Although the life-saving promise of early detection is well-established, the needle-in-a-haystack search for clinically relevant early-stage disease indicators has been stymied by limitations in current screening technologies. But that’s beginning to change. With the support of its donors, OHSU is at the forefront of a growing global community of scientists and clinicians developing a new generation of more precise, patient-friendly tools for early detection of cancer and other serious diseases.
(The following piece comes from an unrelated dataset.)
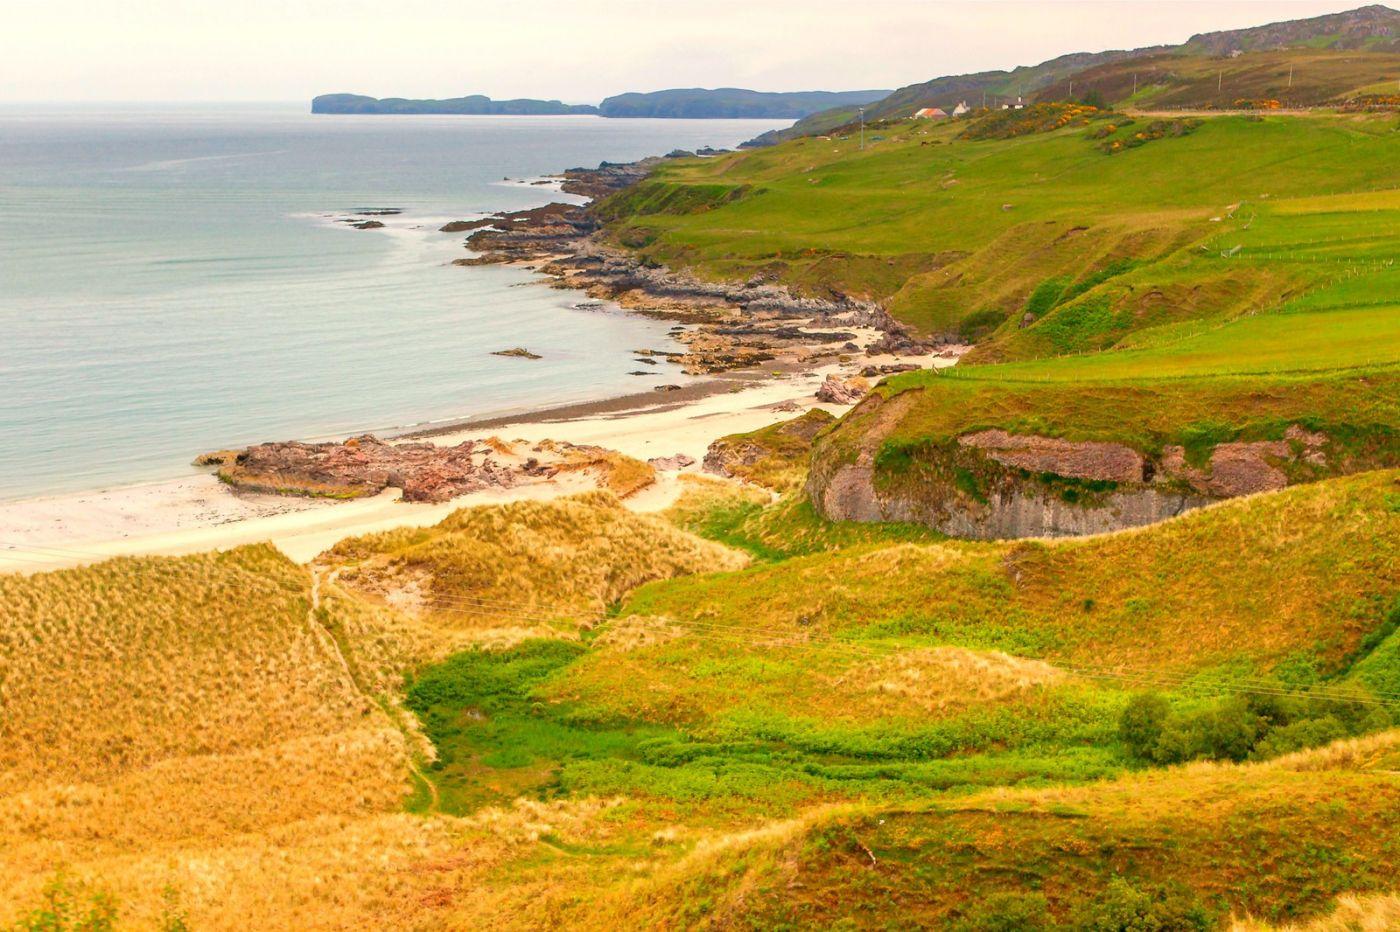 苏格兰美景,弯弯的沙滩_图1-27

Better Tools for a Closer Look
Today’s routine screening methods for conditions such as breast, colon or prostate cancer have saved many lives. They can and do help medical teams pinpoint signs of disease while there is still time to take decisive action. But not always. Even the best of today’s standard tests are not sensitive enough to find and precisely characterize the molecular-level precursors of disease before they develop the capability to threaten a patient’s health. Consequently, too many patients are diagnosed only after their disease has progressed too far to be effectively treated.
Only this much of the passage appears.